New research suggests bouts of forgetfulness could be caused by a safety mechanism in the brain designed to make sure we're not overloaded with information. In other words, it's a healthy part of the brain's operation.
That might come as a relief if you're always forgetting where you left your house keys, but it could also teach us more about how the brain operates, something scientists are still trying to figure out.
According to the two researchers from the University of Toronto in Canada, memory isn't intended to help transmit the most accurate information, but rather the most useful information that can help us make smart decisions in the future.
"It's important that the brain forgets irrelevant details and instead focuses on the stuff that's going to help make decisions in the real world," explains one of the researchers, Blake Richards.
Richards and his colleague Paul Frankland reviewed previously published papers taking different approaches to the idea of memory. Some looked at the neurobiology of remembering, or persistence, while others looked at the neurobiology of forgetting, or transience.
"We find plenty of evidence from recent research that there are mechanisms that promote memory loss, and that these are distinct from those involved in storing information," says Frankland.
The researchers found evidence of the deliberate weakening of the synaptic connections between neurons that help to encode memories, as well as signs that new neurons overwriting existing memories, to make them harder to access.
So why is the brain spending time trying to make us forget? Richards and Frankland think there are two reasons.
One, forgetting helps us adjust to new situations by letting go of memories we don't need – so if your favourite coffee shop has moved to the other side of town, forgetting its old location helps you remember the new one.
Second, forgetting allows us to generalise past events to help us make decisions about new ones, a concept known in artificial intelligence as regularisation. If you just remember the main gist of your previous visits to the coffee shop rather than every little detail, then it's less work for your brain to work out how to behave the next time you go in.
"If you're trying to navigate the world and your brain is constantly bringing up multiple conflicting memories, that makes it harder for you to make an informed decision," says Richards.
The researchers also think the amount of forgetting we do could depend on the environment, with a faster pace of change requiring a faster pace of forgetting too.

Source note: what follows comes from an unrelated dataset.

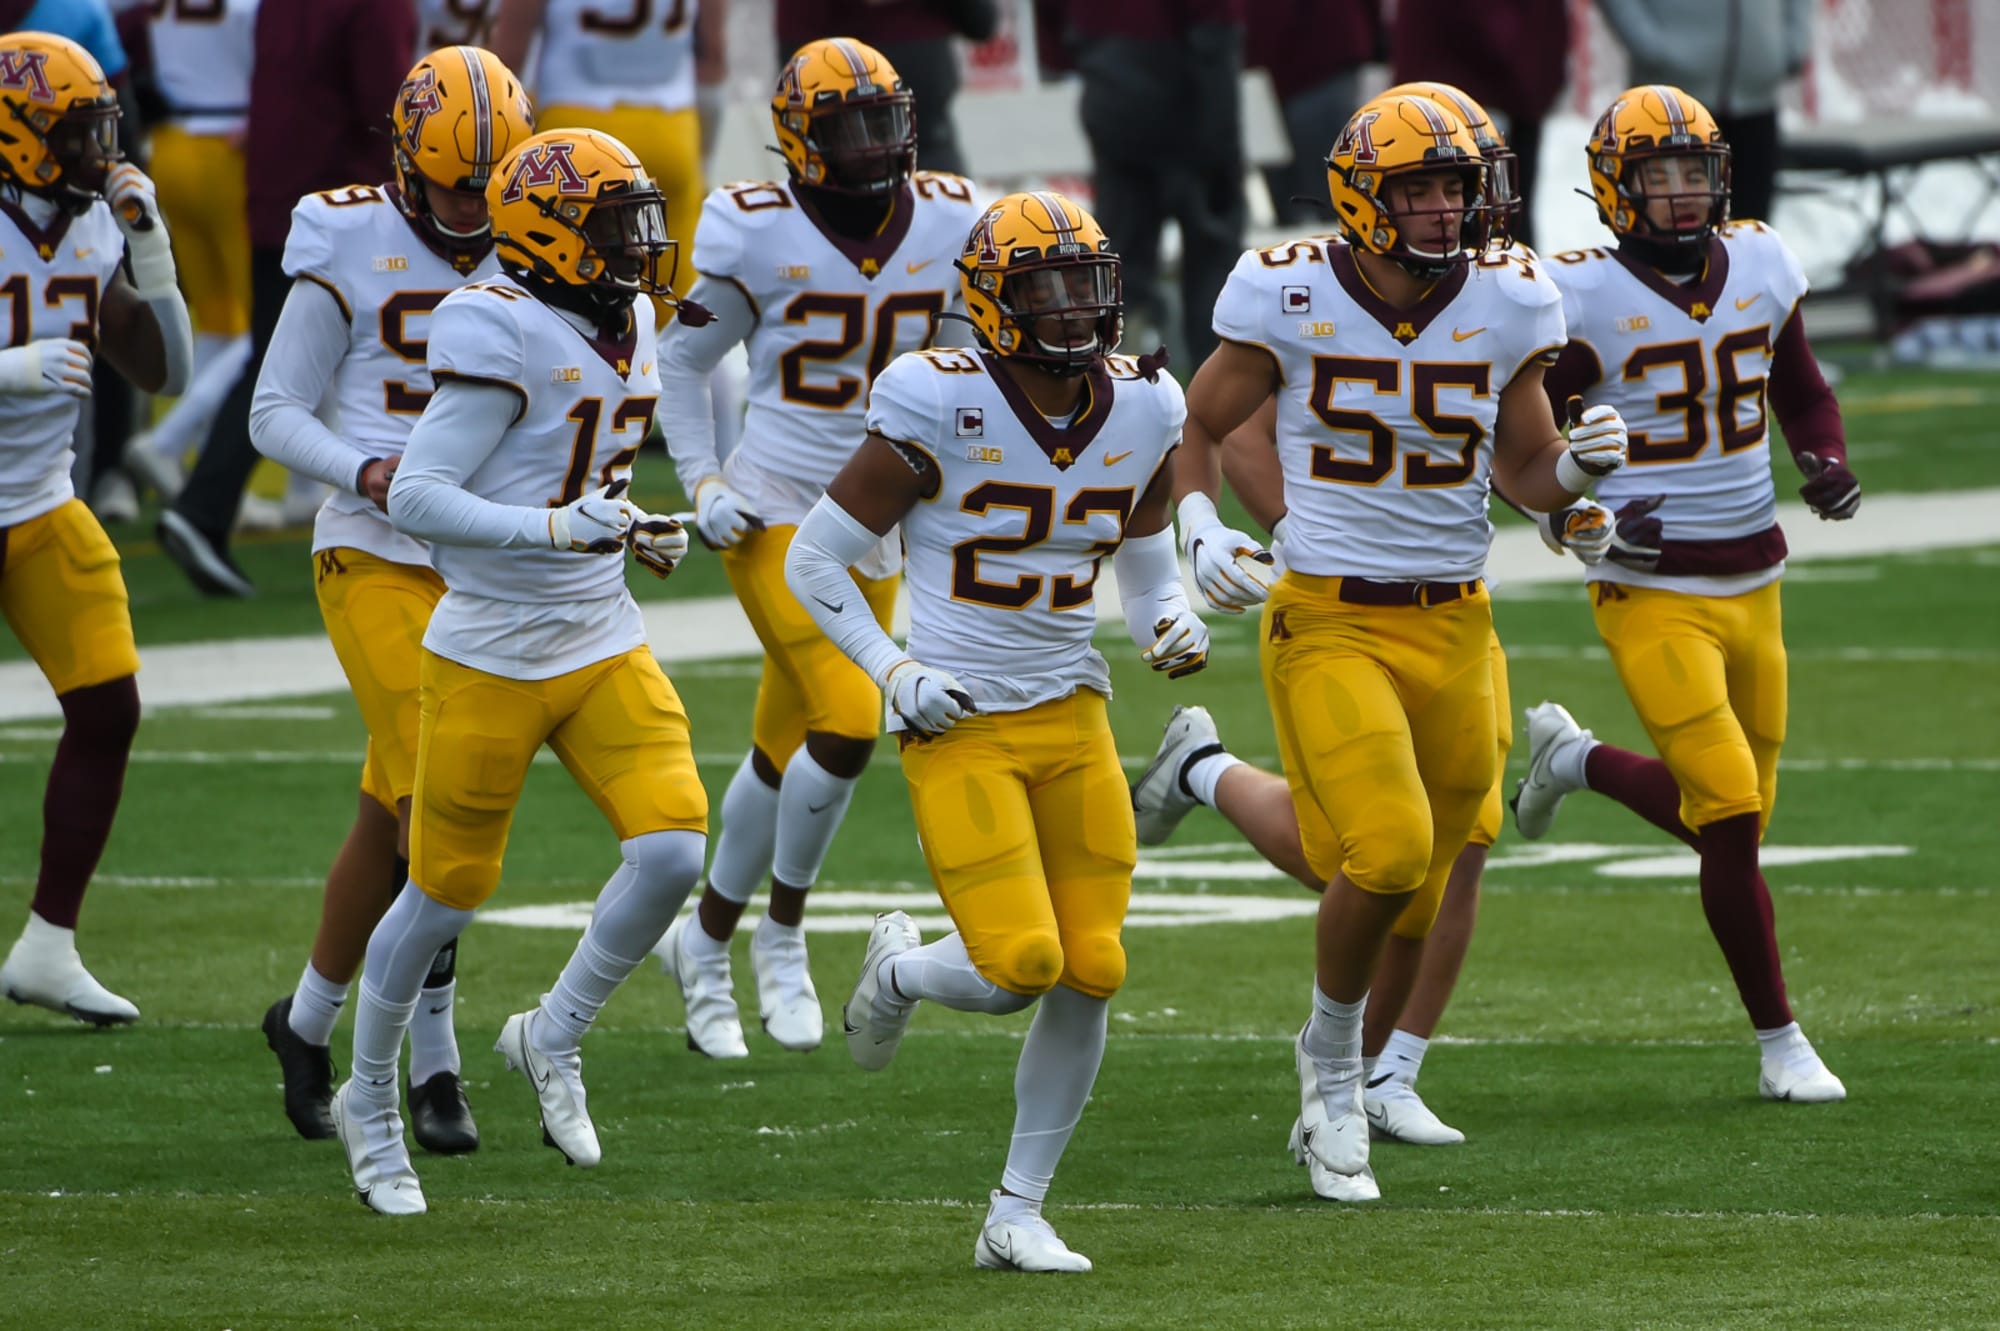 Minnesota Football vs Maryland - Week 5 Preview - The Daily Gopher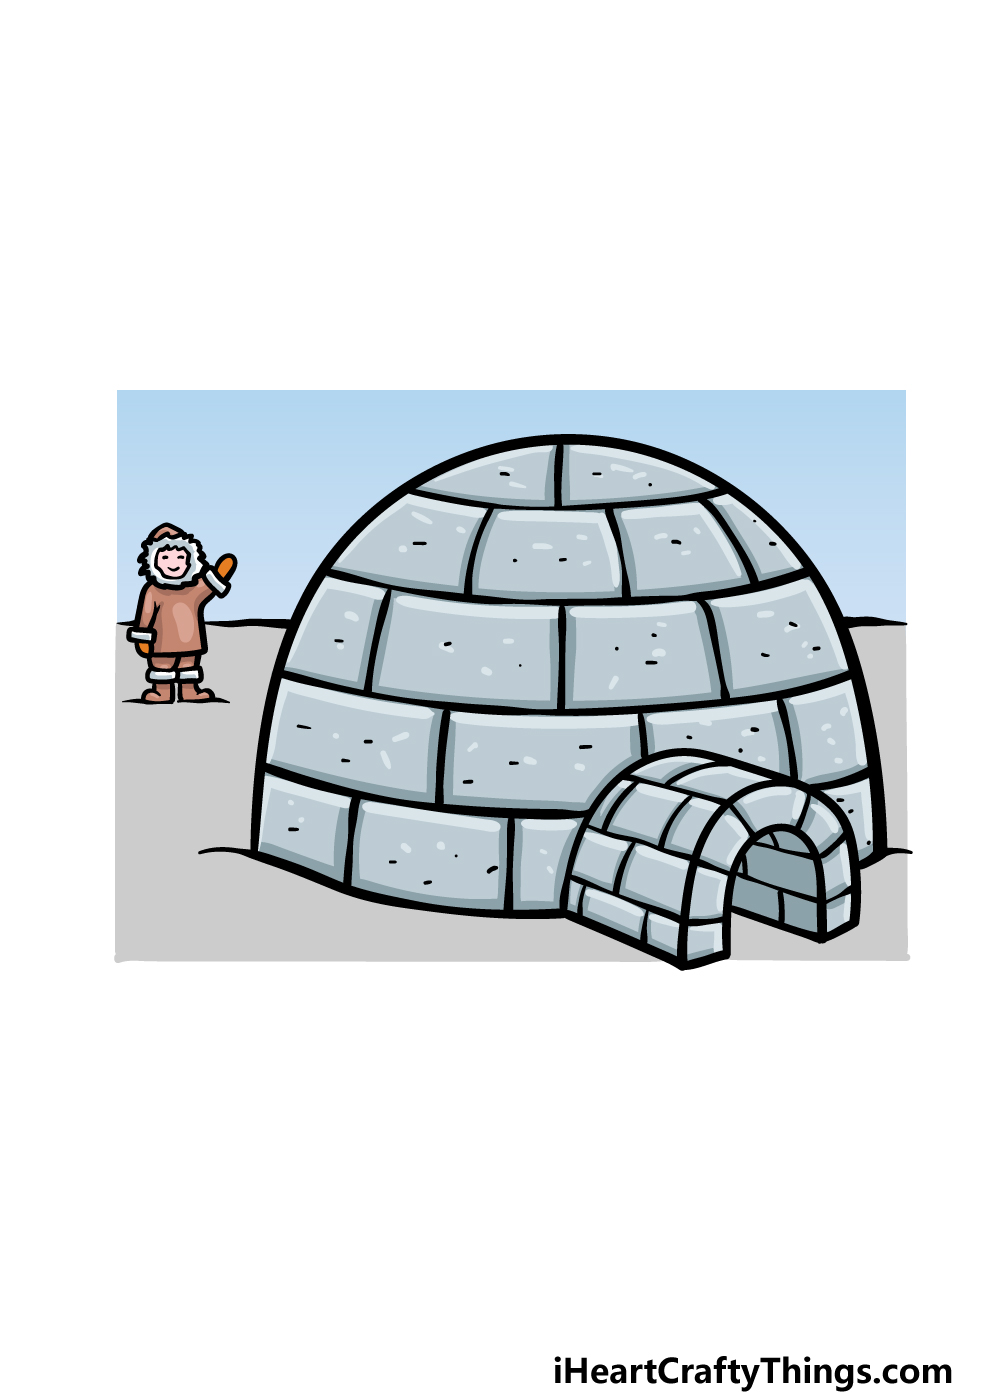 Igloo Snow House Or Snow Hut Drawing Or Doodle Igloo Illustration In  Minimalist Freehand Style Stock Illustration - Download Image Now - iStock

One experiment mentioned in the paper that Frankland was also a part of involved mice looking for a maze. When the location of the maze was moved, mice that were drugged to forget the old location found the new one more quickly.
There's no doubt forgetting information we need to remember too often is a frustrating experience – and maybe the sign of more serious problems – but the new research suggests a certain level of forgetfulness is actually a built-in mechanism designed to make use smarter.
Maybe that's something to mention at the next trivia night at your local bar.
"We always idealise the person who can smash a trivia game, but the point of memory is not being able to remember who won the Stanley Cup in 1972," says Richards.
"The point of memory is to make you an intelligent person who can make decisions given the circumstances, and an important aspect in helping you do that is being able to forget some information."
The research is published in Neuron.